For Dawes, then, the Act grew out of his belief in the dichotomy between civilization and barbarism (articulated previously in North America by Fenimore Cooper and in South America by Domingo Sarmiento), and it reflected his belief that the only way to resolve the dichotomy was to assimilate the Indian into American culture. It was, that is, an explicit effort to commit cultural genocide. And, needless to say, it nearly succeeded.
Yet many historians believe Dawes was initially inspired by a Native American woman, by the name of Susette La Flesche. Historian Ray Ginger tells the story:
Both of her parents were métis, one grandfather being French, the other English. Her father, Joseph La Flesche, also known as Iron Eye, was the chief of the Omaha from 1853 to 1864 and continued thereafter as a leader until his death. He became a Christian, and urged that the Indian must accommodate himself to the ways of the whites. He must trade the buffalo for the plow, and accept the white man's God or die under the white man's guns. While not rejoicing in these changes, Iron Eye believed that they were inevitable -- and he thought it more useful to cooperate with the inevitable than to languish in proud but futile resistance. Educated in the white man's schools, four of his children became luminaries in white occupations.

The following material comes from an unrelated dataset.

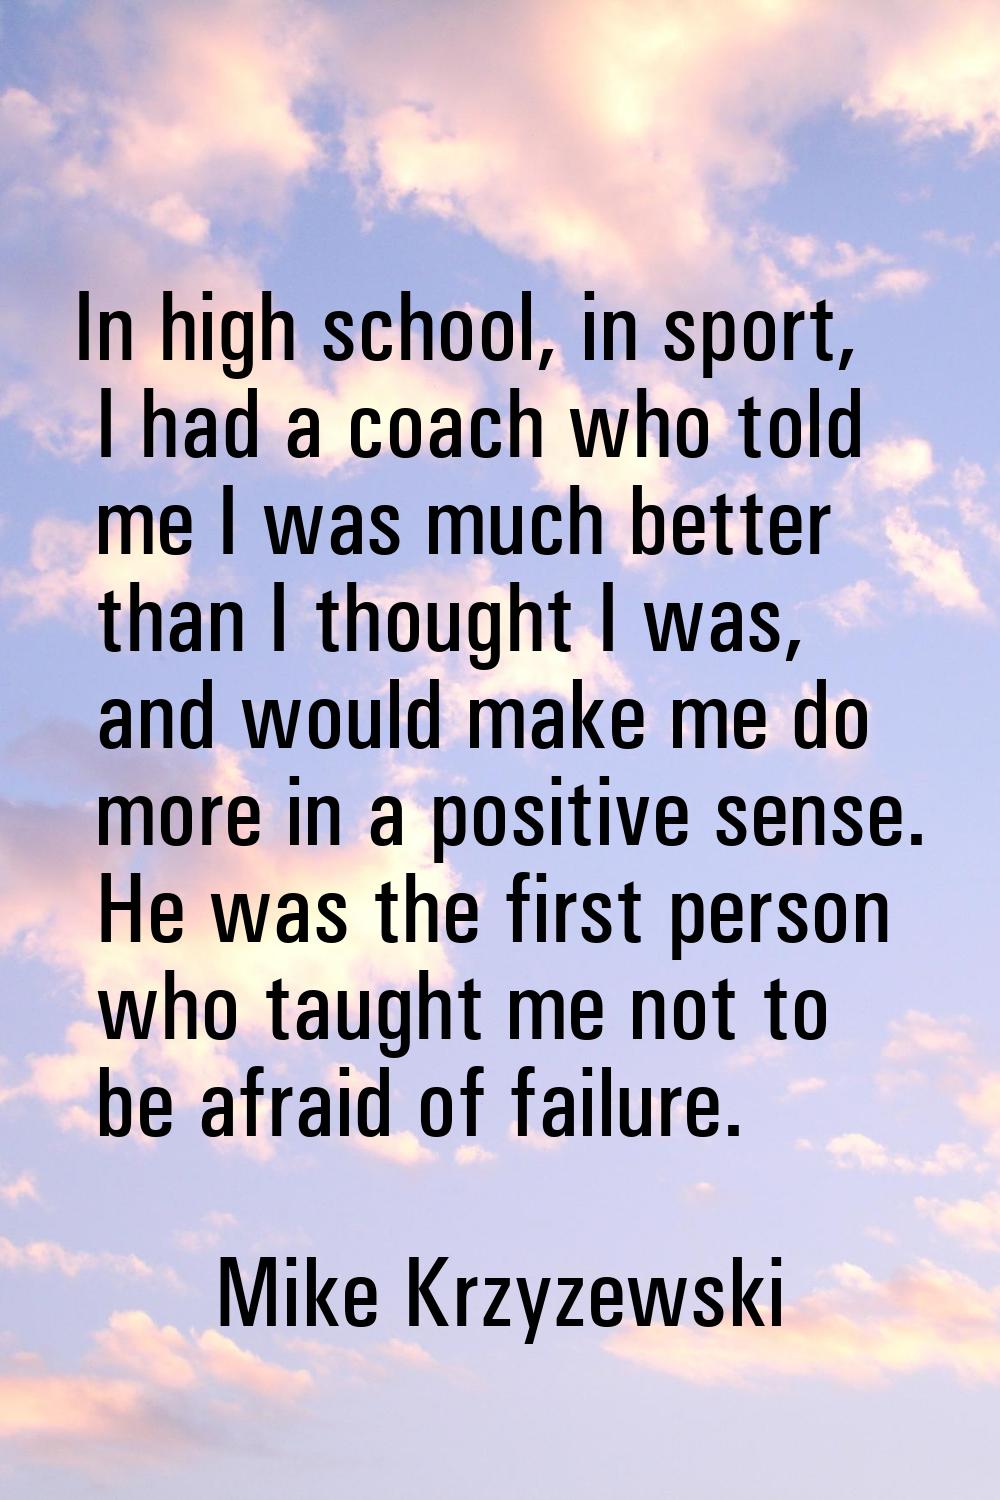 In high school, in sport, I had a coach who told me I was much better than I thought I was, and wou
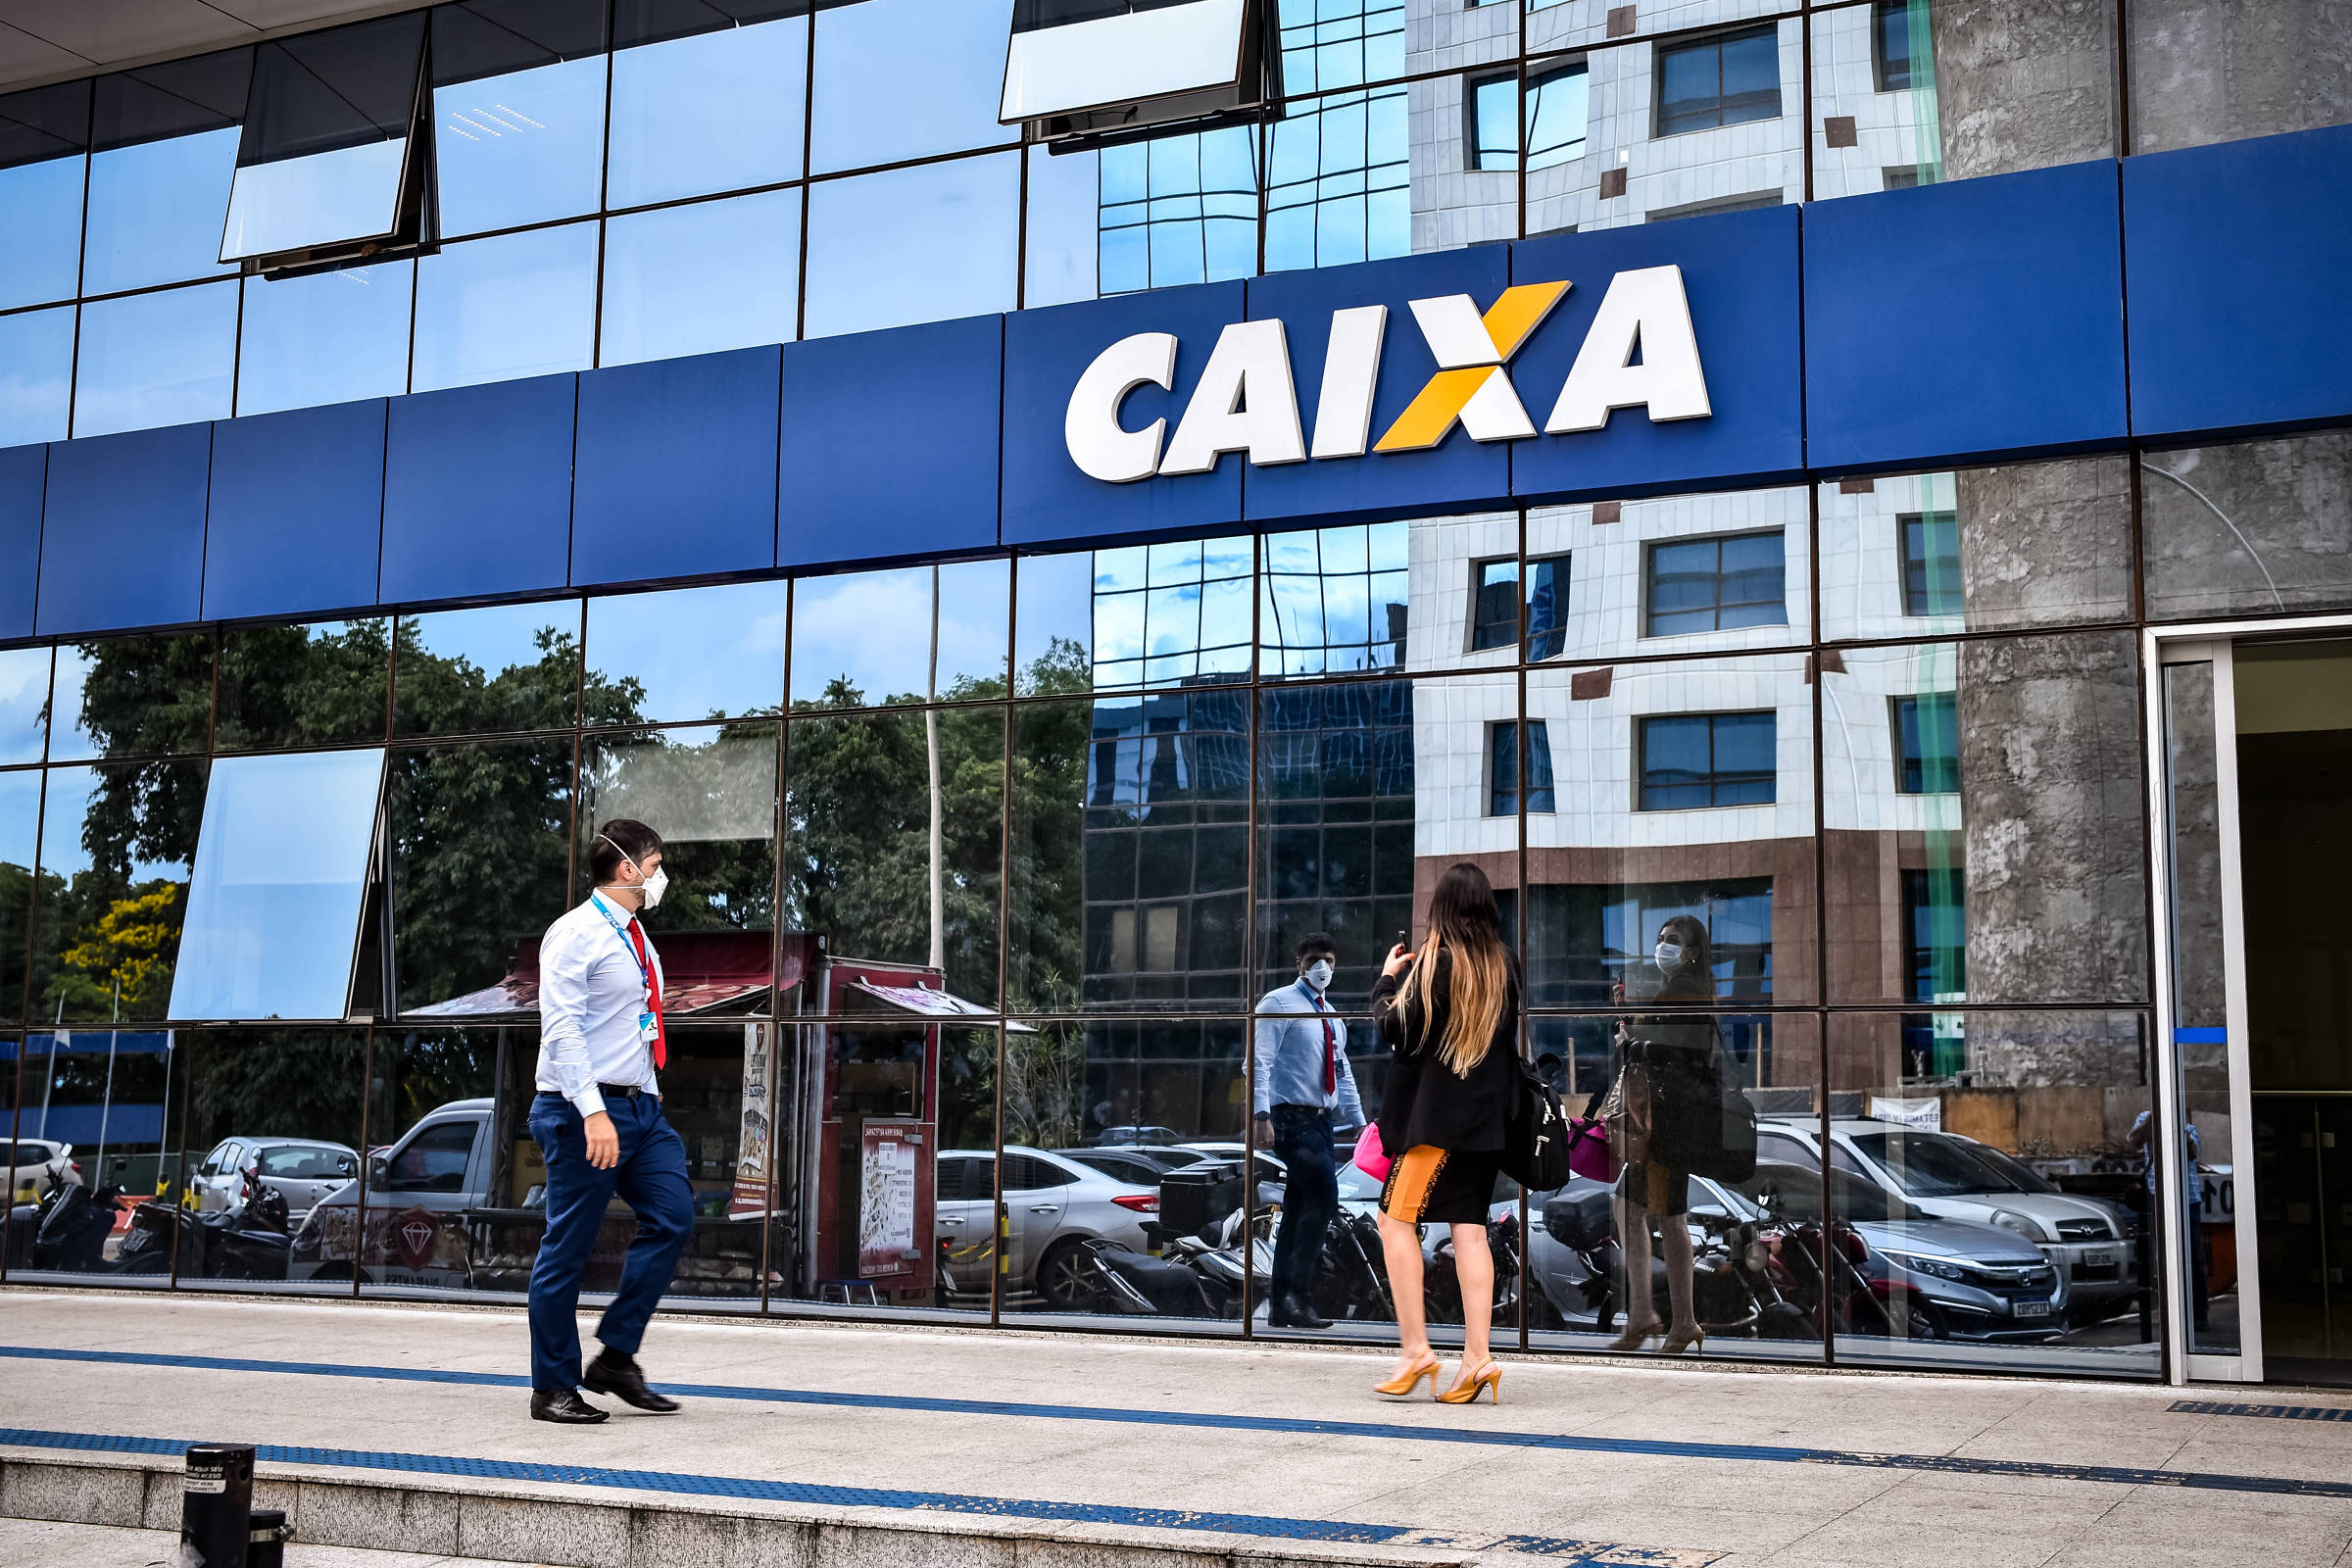 Caixa registers a record of absences in 2022, says study – 07/23/2023 – Mônica Bergamo

Susette La Flesche (1854-1903), because of her lecture tours on behalf of Indian rights, was better known in the white world than were her siblings. She grew up on a reserve in eastern Nebraska, attending there a Presbyterian mission school and than [sic] a girls' seminary in New Jersey. Her prominence began in 1879 when she publicly protested the forced removal of the Poncas from their home in Nebraska to the Indian Territory. An Omaha newspaperman, Thomas Henry Tibbles, described her appearance on the platform at a large local church: "There stood the little figure, trembling, and gazing at the crowd with eyes which afterwards thrilled many audiences. They were wonderful eyes. they could smile, command, flash, plead, mourn, and play all sorts of tricks with anyone they lingered on."
When Tibbles went East to rally support, she went with him. Wearing Indian garb and using her name Inshta Theumba ("Bright Eyes"), she galvanized an audience in Boston that included Helen Hunt Jackson and Senator Henry L. Dawes. The experience helped move Mrs. Jackson to write the best-known pro-Indian tracts of the period: A Century of Dishonor (1881) and Ramona (1884). Dawes was inspired to sponsor the Severalty Act of 1887, which permitted the division of a reservation among individual Indians who could gain the rights of citizenship. Although this act, sponsored by humanitarians and relished by incipient thieves, probably did more to threaten the survival of Indians than all the crooked Indian agents who ever lived, Bright Eyes, faithful to her father's tenets of assimilation, was among its most ardent advocates.
La Flesche's role in the Dawes Act really is a cautionary tale, warning us about the dangers of good intentions. The Dawes Act was an open effort to destroy Native American culture, yet it was enthusiastically welcomed by some Native Americans who had accepted the basic assumption of American racism: that Indians were barbarous savages doomed to destruction by the superior advanced civilization of the United States.
Now that the civilation vs. barbarism dichotomy has reappeared in American culture -- this time opposing our civilization against the barbarous terrorists of the Middle East -- as Americans we really must examine how poorly it has served us in the past.